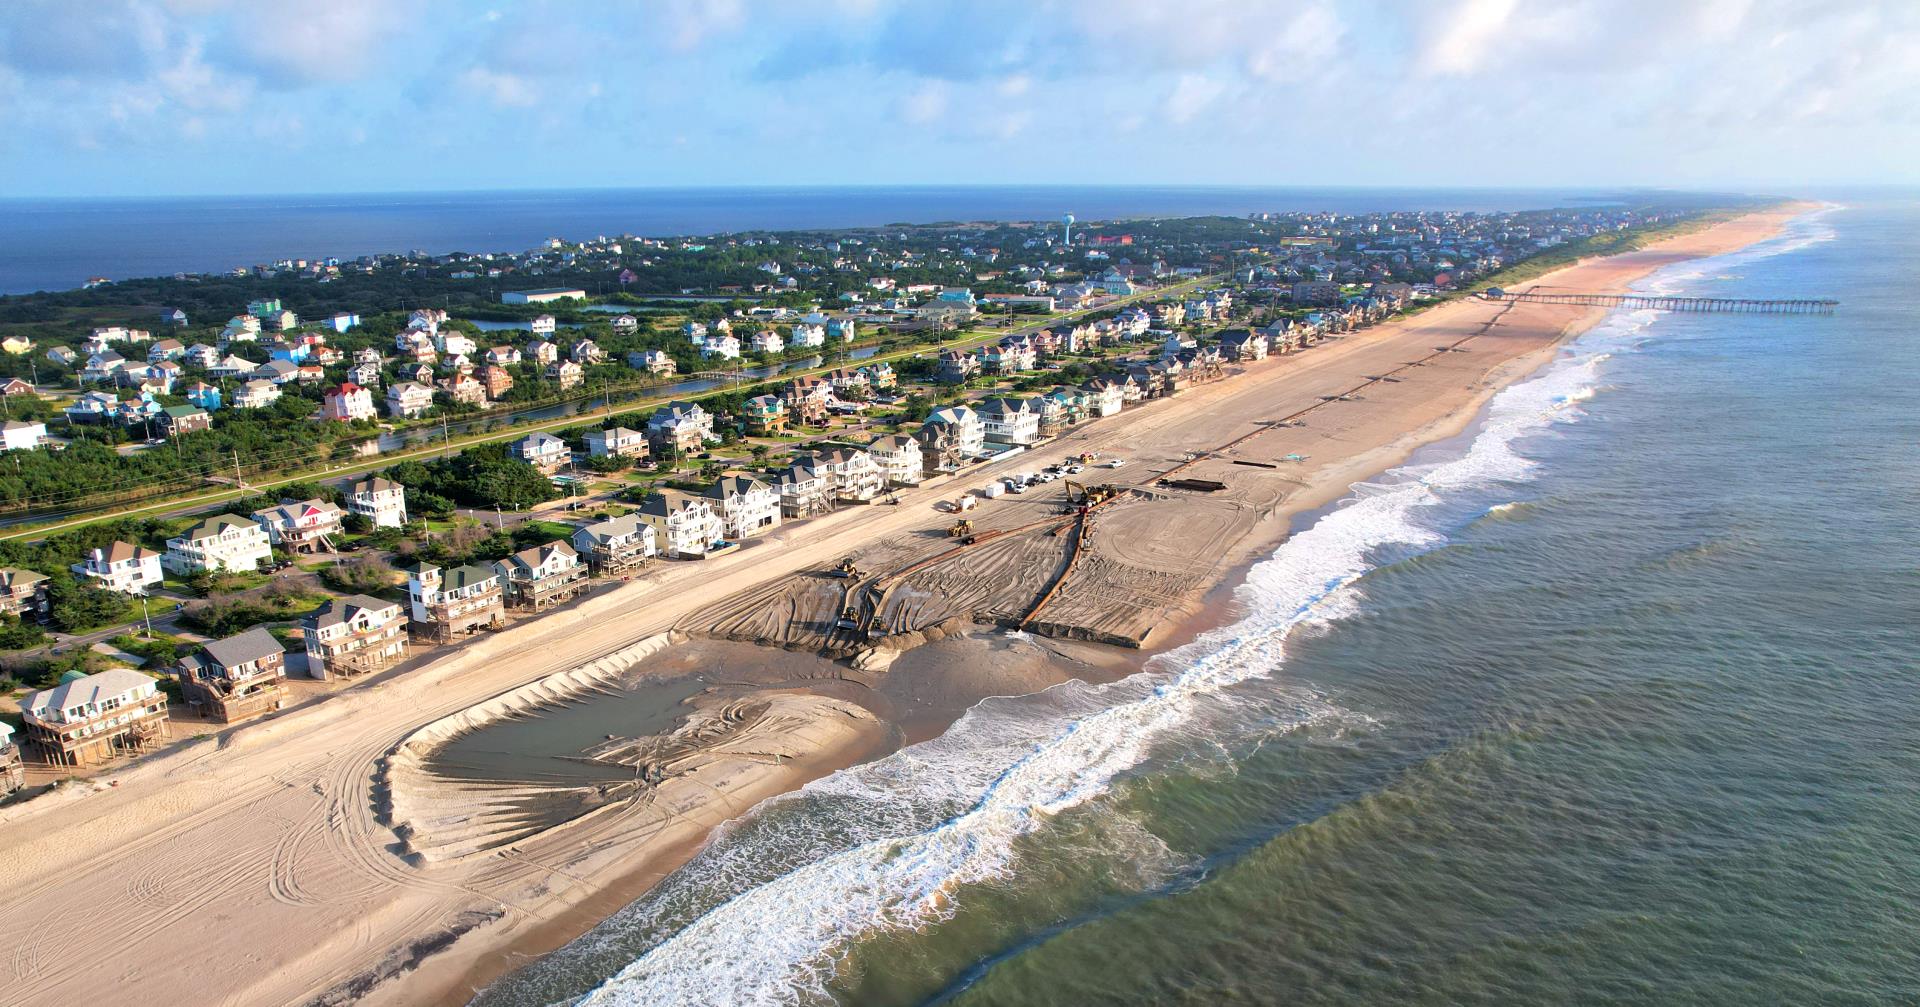 Aerial image of the Avon beach nourishment progress, nearing completion.
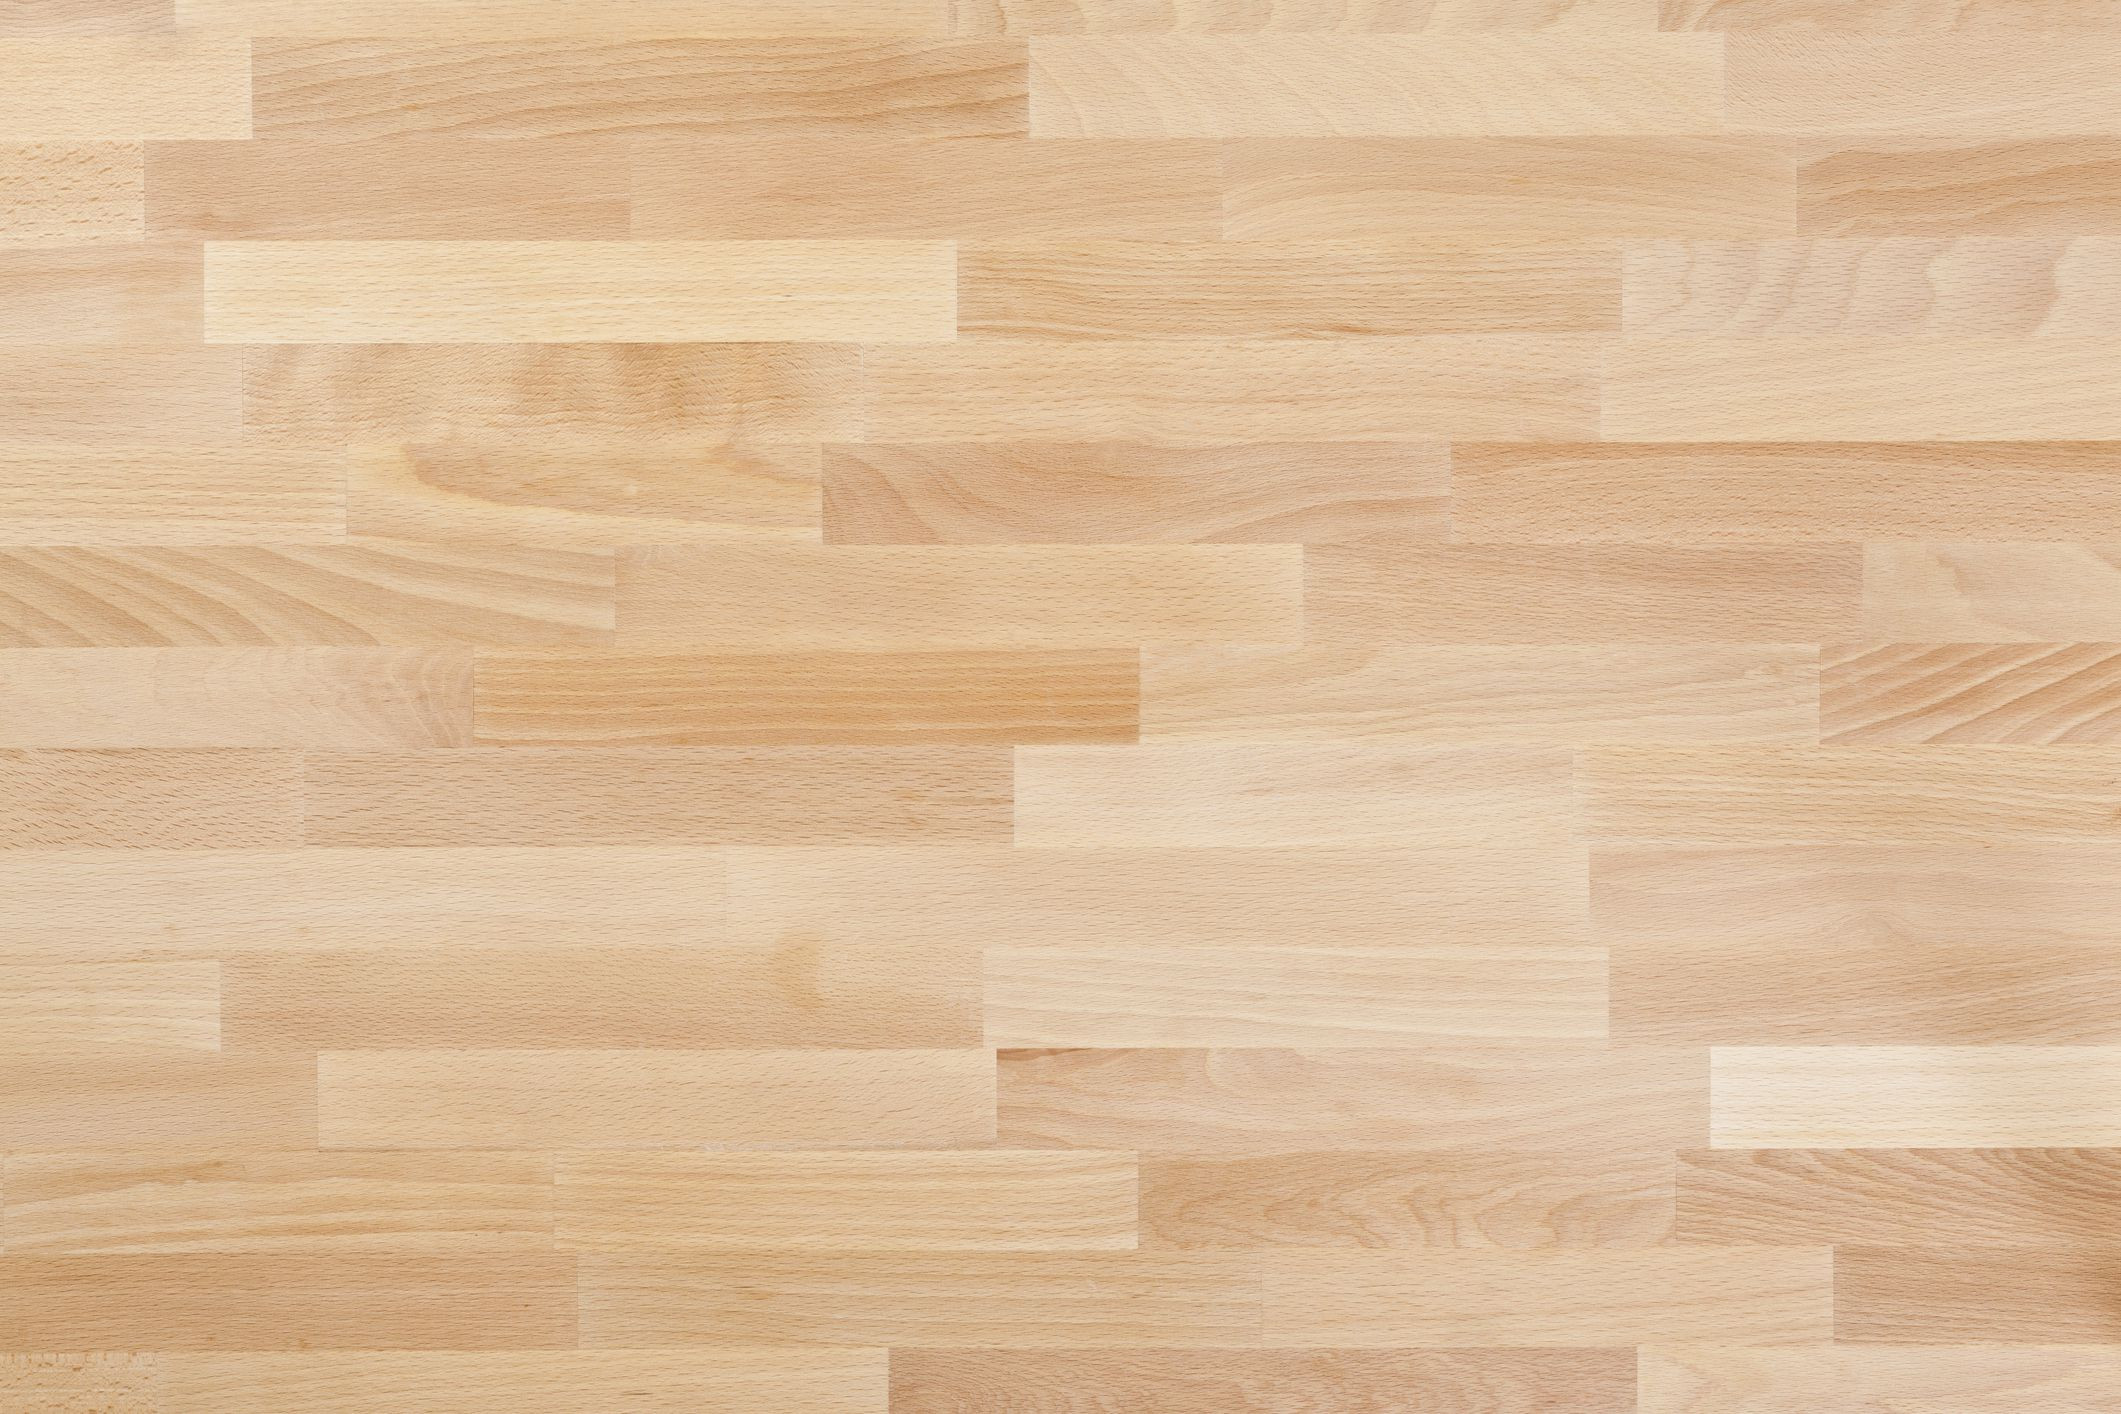 24 Ideal Hardwood Floor Protector Recliner 2024 free download hardwood floor protector recliner of does laminate flooring scratch easily throughout laminate flooring 185230326 58ff92175f9b581d595e760f
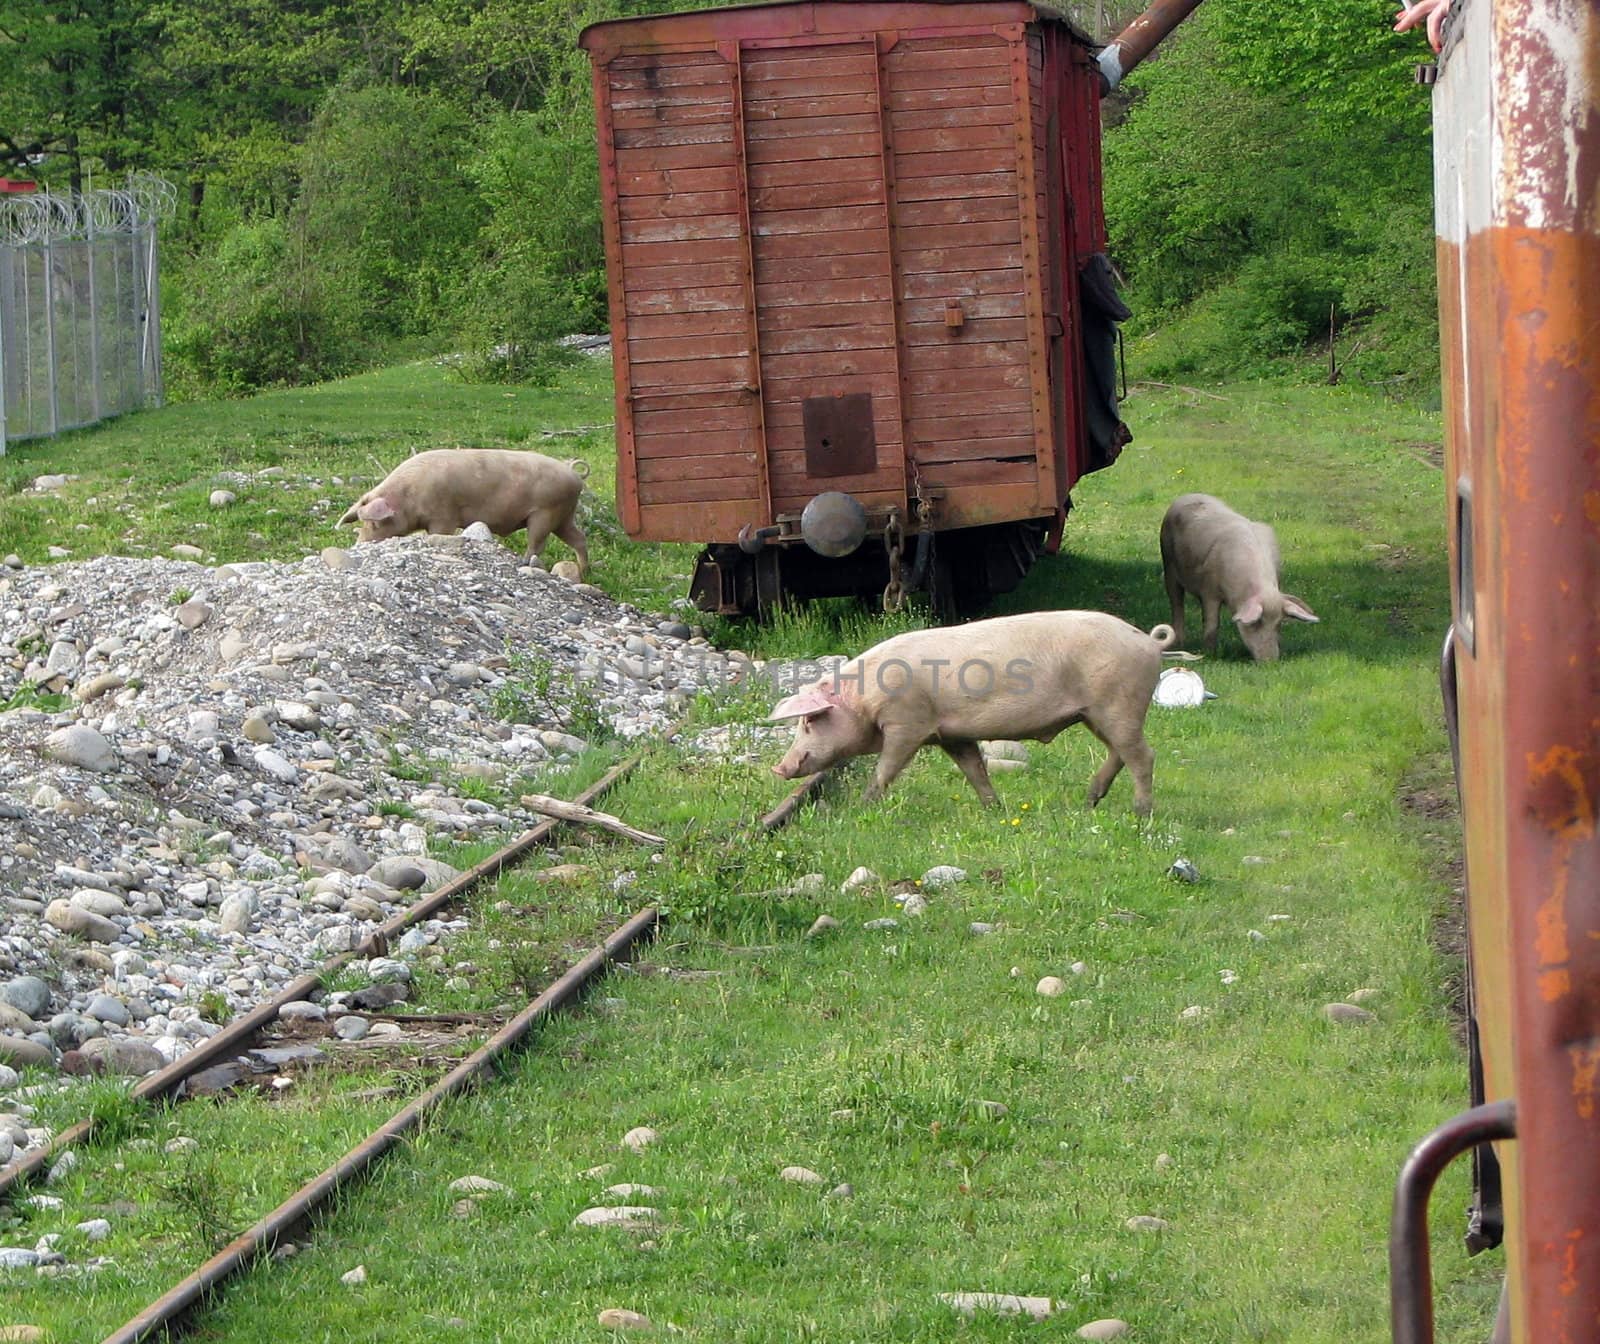 Pigs on the railway tracks.

Assignment - Please give all of the data again, exact and free of pictures.

Task result -
 Aerial image of the Avon beach nourishment progress, nearing completion.
 24 Ideal Hardwood Floor Protector Recliner 2024 free download hardwood floor protector recliner of does laminate flooring scratch easily throughout laminate flooring 185230326 58ff92175f9b581d595e760f
 Pigs on the railway tracks.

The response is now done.